With several established cases of failed privatization of public water assets and other utilities like electricity and transportation services, policy makers and governments across the world now lack the moral strength to continue to pursue and foist World Bank and International Monetary Fund’s (IMF) privatization models on their countries.
Following the failures of such privatization exercises in the United States of America, France, United Kingdom, the Netherlands and other countries including African nations, it is now safest to seek recourse to remunicipalization (return of privatized entities to government or public control) with adequate funding from taxpayers money.
This was the submission of participants at a virtual training organized for journalists and activists by the Citizens Free Service Forum (CFSF) in collaboration with the Public Service International (PSI) and other partners with the theme: Reporting Climate Change and the Water Sector on Tuesday, September 17, 2024.
In his presentation titled: Privatization Failures and the Growing Recourse to Remunicipalization, Deputy General Secretary of PSI, David Boys, argued that privatization, which largely entails the sale of assets to private individuals, investors or firms, remains an abdication of responsibility on the part of governments.
He maintained that governments’ efforts to privatize public assets and utilities were aimed at avoiding the costs of borrowing and spending to fund public facilities earlier established to provide essential services to citizens at affordable rates compared to provision of such services by private investors, who usually place profits above the people’s welfare and consumer satisfaction.
Boys maintained that remunicipalization remains a legitimate means of regaining public assets with a view to providing access to potable water and other essential services anywhere in the world, adding: “To achieve that, there must be conscious efforts by the people and governments to strengthen public services and democratic institutions globally.”
Citing failed privatization exercises like those of Metito, Veola and Abengoa in France and other places, he pointed out that PSI has been pushing for provision of public utilities since 1907 in 160 countries, insisting that remunicipalization is now the only viable option since the privatization of public assets, especially in the water sector has failed in many countries, including the United Kingdom.
In his opening remarks, Executive Director of Citizens Free Service Forum (CFSF), Comrade Sani Baba, said the group conceived the training in the realization that Nigeria, like most African countries and countries of the Global South carry the biggest burdens of the climate change impacts and empower journalists to report the issues from informed perspectives.
“We deliberately linked the climate crisis to water stress because this issue is often overlooked in the climate discourse in Nigeria.

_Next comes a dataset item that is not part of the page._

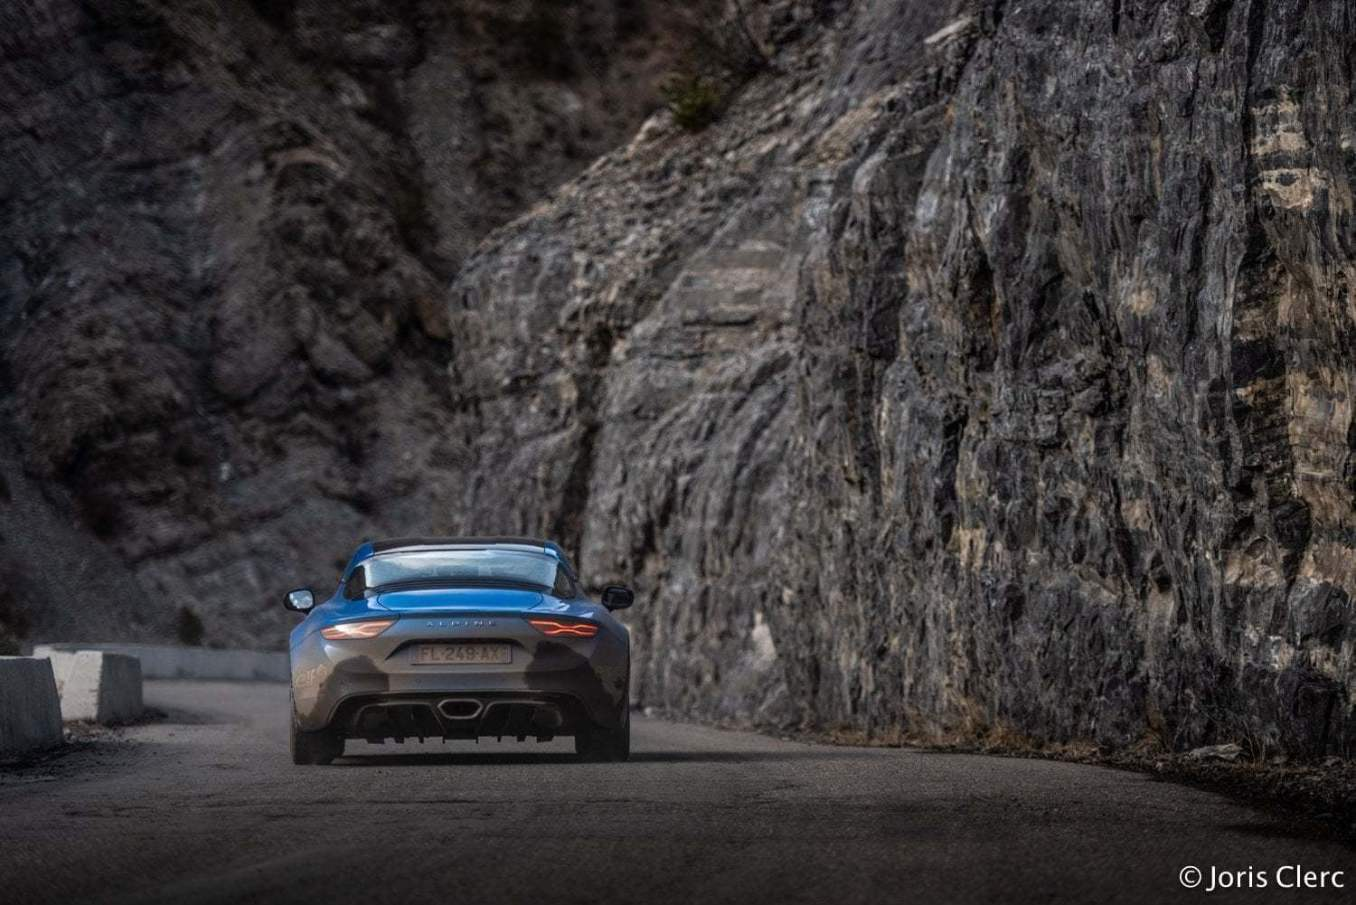 alpine a110 ouvreuse rallye monte carlo 2 | Une Alpine A110 ouvreuse au Rallye Monte-Carlo

The situation in coastal communities facing inundation is dire and the deforestation issue alarming, but the mother of all crises, is one that affects water that we all consume and depend on for survival.
Read Also: First Lady, Oluremi Tinubu launches skills training In Rivers
“We are all witnesses to the downward march of the Sahara, which has led to scramble for the few available areas where water is available. The Lake Chad, which was over 25,000 square kilometers in the 1960s, is now less than 1,500 square kilometers as we speak and it is still shrinking. Along with this disaster is the migration of locals and pastoralists who depend on the lake to other regions along with its fallouts in form of land owner-settler crisis,” he stated.
Sani pointed out that the floods that have ravaged Maiduguri, the Borno State capital and now spreading to other parts of the country will leave behind a trail of further stress on water because the flood waters have polluted the few available wells and other sources of water that people depend on.
He said: “Disaster capitalists in the water industry will capitalize on these developments to promote and foist water privatization on our government to further impoverish our people as only those who have the means will have access to water.”
Also in his presentation titled: Introduction to Climate Reporting: Key Issues and Concepts, Executive Director of Renevlyn Development Initiative (RDI), Philip Jakpor, maintained that the extractive activities of multinational fossil fuel companies like Shell, Chevron, Eni, Exxon Mobil, BP and TotalEnergies, among others, were responsible for the escalating climate crisis worldwide.
He also listed the International Emission Trading Association (IETA) and Agro industrial plantation companies like Wilmar International Limited, IOI Group, Agropalma and the Roundtable on Sustainable Palm Oil (RSPO) as the other contributors to the climate and water stalemate.
Beneficiaries of the system, he said, include the fossil fuels industry, private water industry, pharmaceutical companies, multinational agribusiness corporations and disaster capitalists.
He explained that women, children, indigenous peoples, frontline communities, workers, wild life, countries of the Global South, especially Africa, remain the most impacted by climate and water crises globally.
Jakpor, therefore, urged journalists to be mindful of the fact that reports criticizing the current industrial models must be in tandem with recommended and proven solutions, expose drivers of the climate and water stress, as well as muster civil society and frontline communities to take their destinies in their hands by demanding climate justice.
“Such reports must urge policy makers to make just and climate-friendly laws and charge delegates to future climate change talks to uphold their people’s demands,” he said.